Мысль о том, что эгоизм есть изначальное зло и что любовь к себе исключает любовь к другому, не ограничивается лишь рамками теологии и философии, но стала избитой идеей, вну­шаемой дома, в школе, в кино, в книгах — всеми способами со­циального внушения. “Не будь эгоистом” — эта сентенция вну­шается миллионам детей из поколения в поколение. Однако смысл ее неясен. Большинство сказали бы, что это значит не быть эгоистичным, невнимательным, безразличным к другим. На самом же деле оно значит нечто большее. Не быть эгоистич­ным означает не делать того, что хочешь, отказаться от соб­ственных желаний в угоду авторитету. “Не быть эгоистом” в конечном счете столь же двусмысленно, сколь и в учении Каль­вина. За исключением некоторых двусмысленных моментов оно означает “не люби себя”, “не будь собой”, а подчини себя чему-то более важному, чем ты сам, какой-то внешней силе или внут­ренней принудительной силе — “долгу”. Формула “не будь эго­истом” стала одним из самых мощных идеологических средств подавления спонтанного и свободного развития личности. Под давлением этого лозунга от человека требуют постоянной жертвенности и полного подчинения: только те действия “не­эгоистичны”, которые совершаются не в пользу индивида, а в пользу кого-то или чего-то внешнего по отношению к нему.

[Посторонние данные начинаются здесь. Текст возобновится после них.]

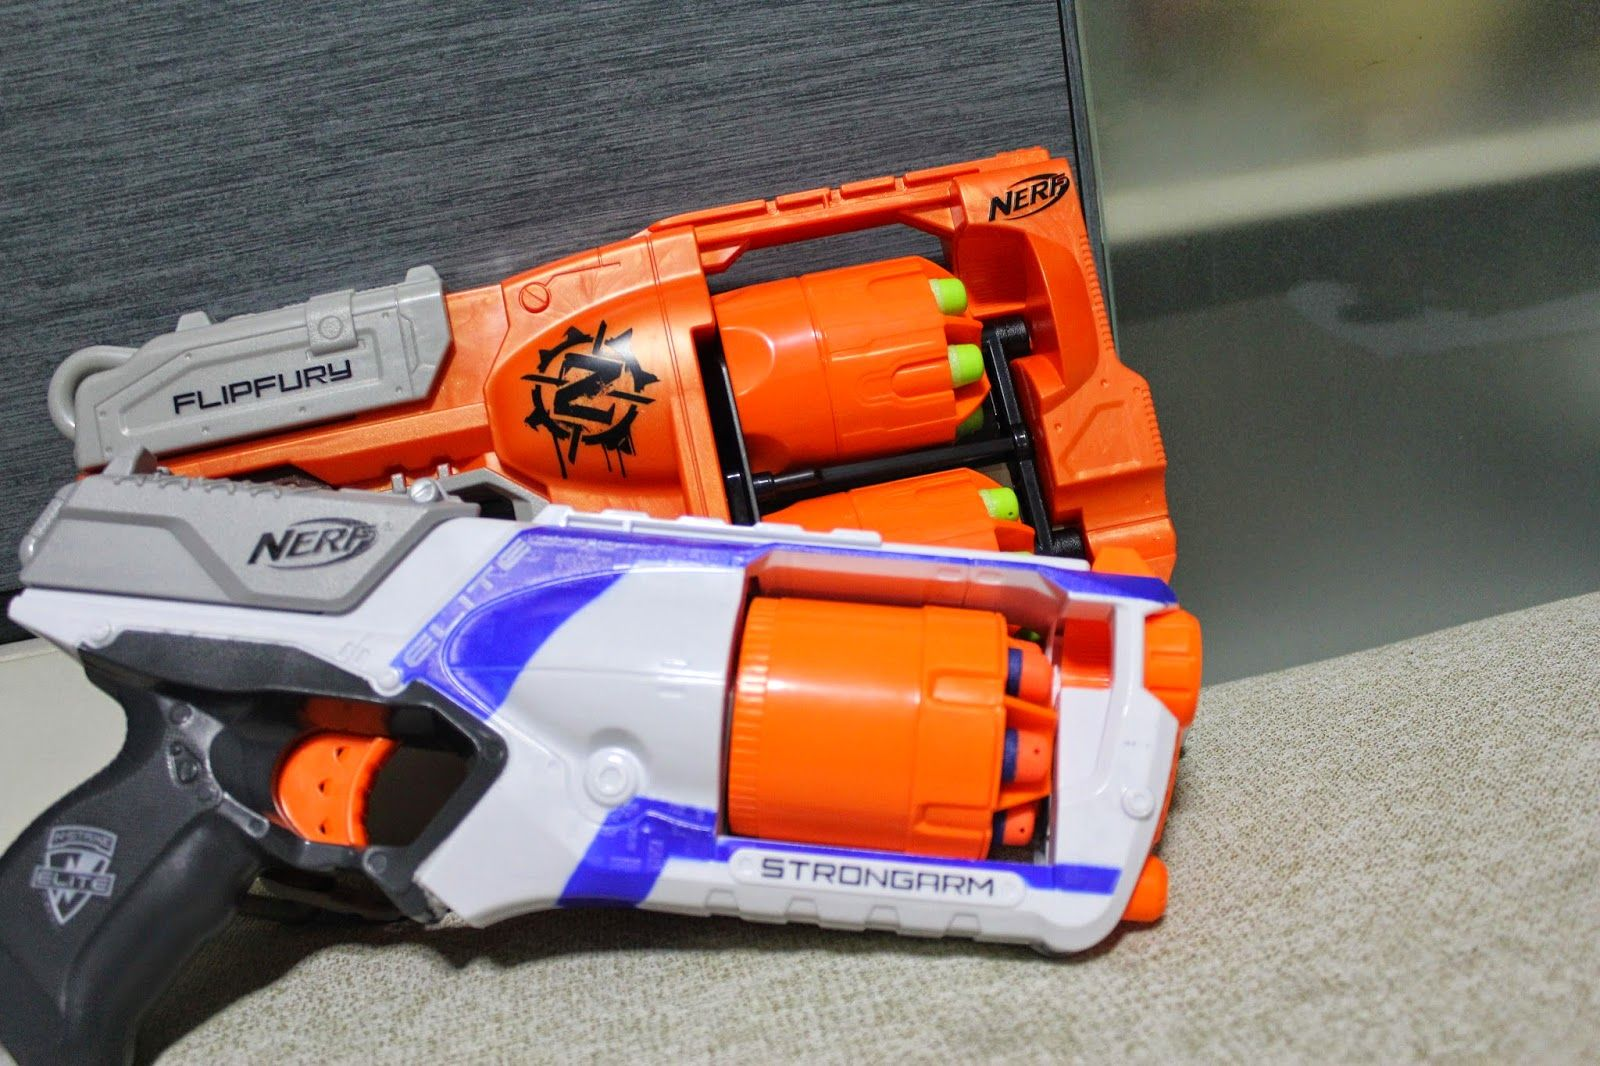 Blaze Storm Battery Operated Cartridge Dart Gun

Но такая картина, следует еще раз подчеркнуть это, одно­стороння. Ведь в современном обществе помимо призыва не быть эгоистом пропагандируется и прямо противоположная идея: блюди свою выгоду, делай то, что полезно тебе; ибо, по­ступая так, ты тем самым будешь действовать и на благо других. Как бы то ни было, мысль, что эгоизм является основой всеоб­щего благоденствия, стала краеугольном камнем в построении общества всеобщей конкуренции. Странно, что два таких, ка­залось бы, несовместимых принципа могут проповедоваться в одной и той же культуре; однако в том, что так оно и есть, нет никаких сомнений. Эта несовместимость двух принципов по­рождает у людей чувство некоторого замешательства, расте­рянности. То, что им приходится разрываться между ними, представляет для них серьезную помеху в деле становления целостной личности. Это ощущение замешатель­ства, неустойчивости, отсутствия почвы под ногами — один из наиболее значительных источников переживания современным чувства беспомощности[36].

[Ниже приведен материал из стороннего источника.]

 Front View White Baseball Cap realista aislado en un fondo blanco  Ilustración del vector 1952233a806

Догматом о том, что любовь к себе тождественна “эгоизму” и несовместима с любовью к другим, пронизаны теология, фи­лософия и обыденное мышление; таже мысль рационализиро­вана в научном языке теории нарциссизма Фрейда. В концеп­ции Фрейда предполагается некоторое неизменное количество либидо. У младенца все либидо направлено на себя как на свой объект; эту стадию Фрейд называет “первичным нарциссиз­мом”. По мере развития либидо смещается с себя, своего “Я” на другие объекты. Если нормальное развитие “объект-связей, объект-отношений” нарушается, либидо отвращается от объек­тов и вновь обращается на “Я”; это называется “вторичным нар­циссизмом”. Согласно Фрейду, чем больше любви я направляю на объекты, тем меньше ее остается для самого себя, и наобо­рот. Тем самым он описывает феномен любви как уменьшение любви к себе в силу направленности всего либидо на внешние объекты.

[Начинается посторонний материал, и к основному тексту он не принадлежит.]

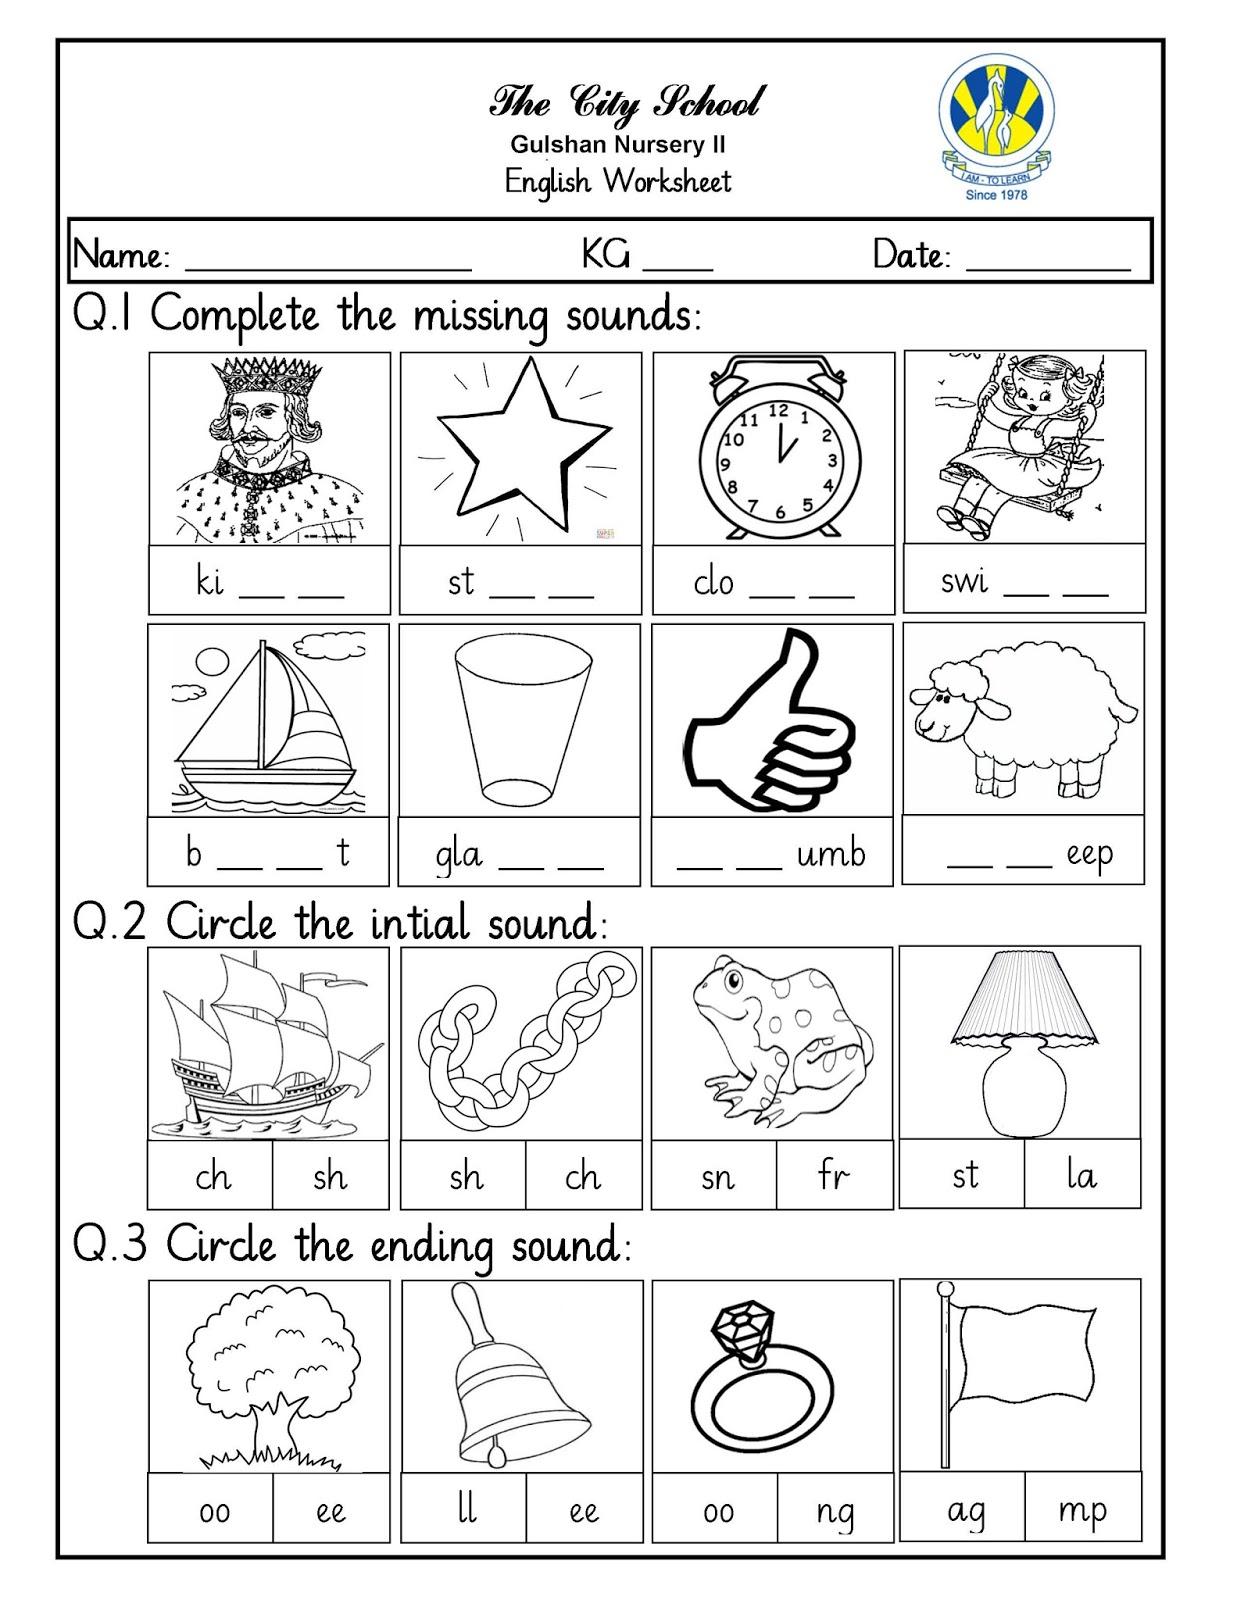 SR Gulshan The City Nursery-II: English, KUWA and Math Worksheets

Здесь возникают вопросы: поддерживается ли психологи­ческими наблюдениями мысль, что существует базисное проти­воречие между любовью к себе и любовью к другим и что меж­ду ними возможно только состояние чередования, то есть при наличии одной неизбежно отсутствует другая? Есть ли любовь к себе то же, что и эгоизм, или они противоположны? Далее, не является ли эгоизм современного человека на деле проявлени­ем интереса к. себе как личности, со всеми ее интеллектуаль­ными, эмоциональными и чувственными возможностями? Не стал ли “он” придатком его социоэкономической роли? Итак, тождествен ли эгоизм себялюбию или он обусловлен как раз отсутствием последнего?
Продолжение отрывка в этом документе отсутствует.